Beitragvon Crystal » 13.05.2020, 15:55


Ich bin ehrlich mal gespannt, wer nächste Saison überhaupt noch in der 3.Liga spielen KANN. Es gab ja schon vor Corona mehrere finanziell angezählte Clubs und durch den Wegfall der Einnahmen durch Corona werden wohl einige Verein bankrott gehen.

Wenn man die Zahlen mal so grob überschlägt, kann ich mir auch ehrlich nicht mehr vorstellen, wie es beim FCK nächstes Jahr weiter gehen soll. Grob geschätzt werden wir alleine 20 Millionen brauchen um diese Saison und die Schulden stemmen zu können und da ist das Budget für die nächste Saison noch nicht mal eingerechnet. Den Investor will ich mal sehen.
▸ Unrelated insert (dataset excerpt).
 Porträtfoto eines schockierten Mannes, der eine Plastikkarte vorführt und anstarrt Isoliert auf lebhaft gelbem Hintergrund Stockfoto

Beitragvon Schlossberg » 13.05.2020, 22:13


Crystal hat geschrieben:Ich bin ehrlich mal gespannt, wer nächste Saison überhaupt noch in der 3.Liga spielen KANN. Es gab ja schon vor Corona mehrere finanziell angezählte Clubs und durch den Wegfall der Einnahmen durch Corona werden wohl einige Verein bankrott gehen.
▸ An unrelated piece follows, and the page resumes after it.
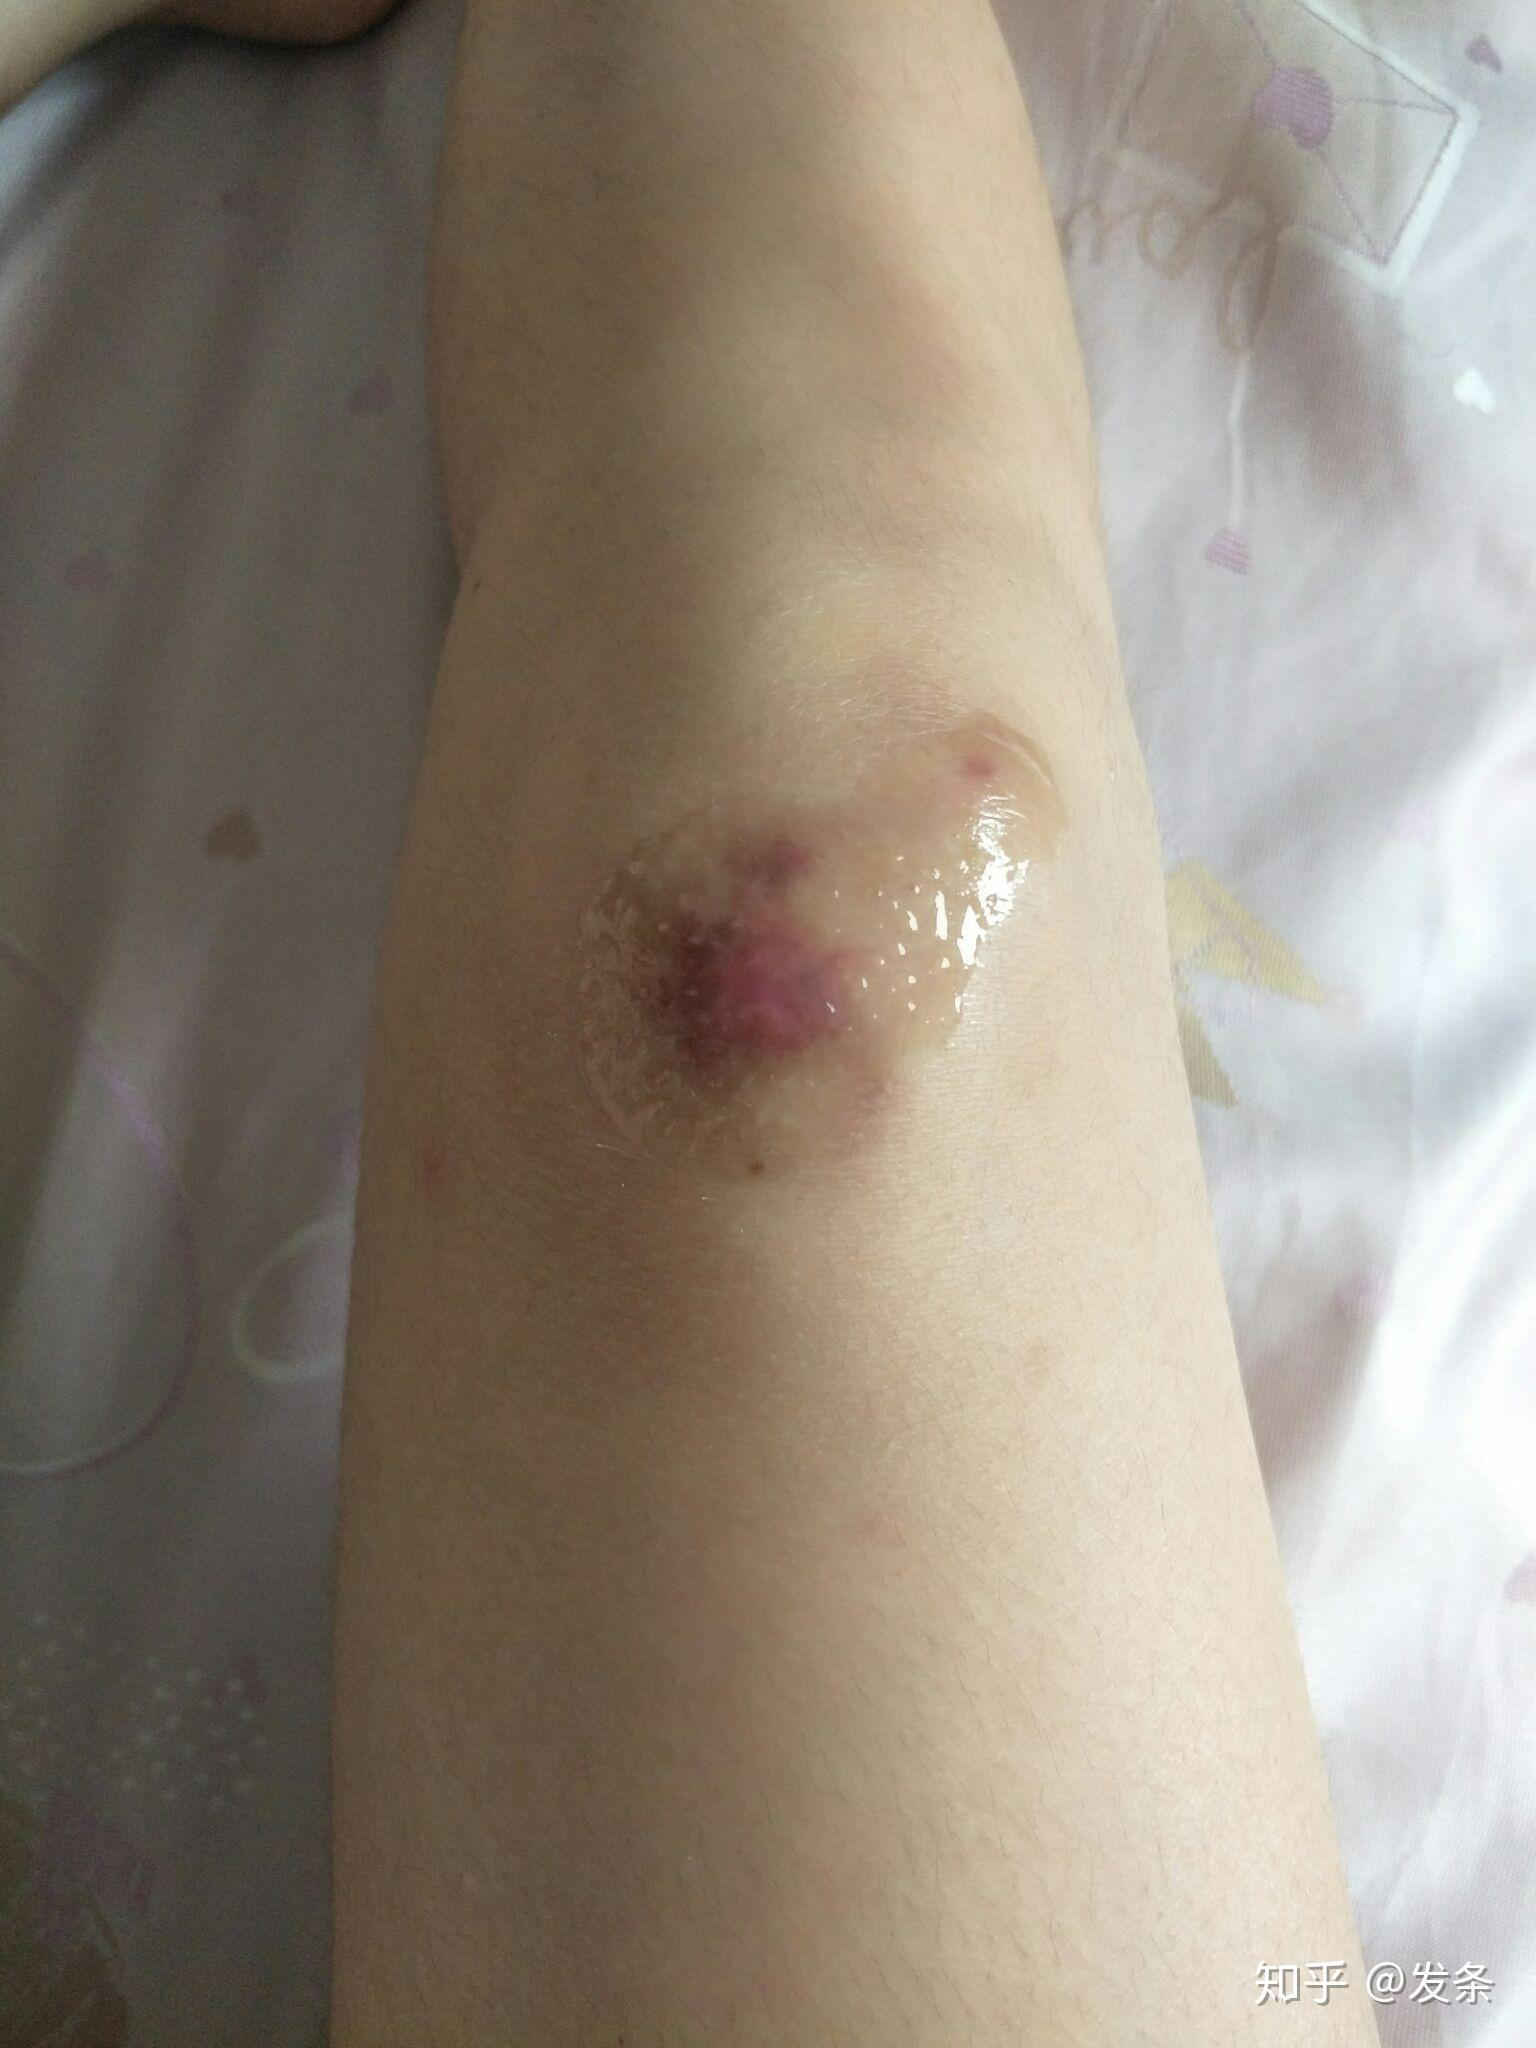 女生骑车摔伤腿的照片图片

Bankrott vielleicht nicht (das wäre strafbar), aber Insolvenzantrag müsste wohl in der Tat so mancher Verein stellen.

Was den FCK betrifft, wird angesichts der leeren Kassen der Gang zum Amtsgericht wohl unausweichlich, sowohl für die GmbH & Co KG a.A. als auch für den eV, und zusätzlich für die Stadiongesellschaft. Das könnte und sollte dann im Rahmen eines kombinierten Insolvenzplans die Möglichkeit schaffen, schuldenfrei und für eine erschwingliche Stadionpacht die Saison (20/)21 zu spielen, in welcher Liga auch immer. (Falls der Geisterspiel-Unfug tatsächlich durchgezogen wird, könnte der FCK ja evtl. auch noch absteigen.)

Jetzt wird mancher einwerfen, dass Planinsolvenz nicht geht weil ... Dem möchte ich dann aber entgegnen, dass in Corona-Zeiten so manches geht, was sonst vielleicht nicht ginge. Man muss es eben mit aller Kraft wollen.

Und so werden wir, auch wenn Väterchen Franz schon abgetreten ist als wir noch Bundesliga gespielt haben, am Ende eurem Götzen, ihr Pessimisten, Unkenrufer und Schlauberger, dem Untergangs-Gespenst, den Kopf abhacken, mit Phantasie, aber sachlich.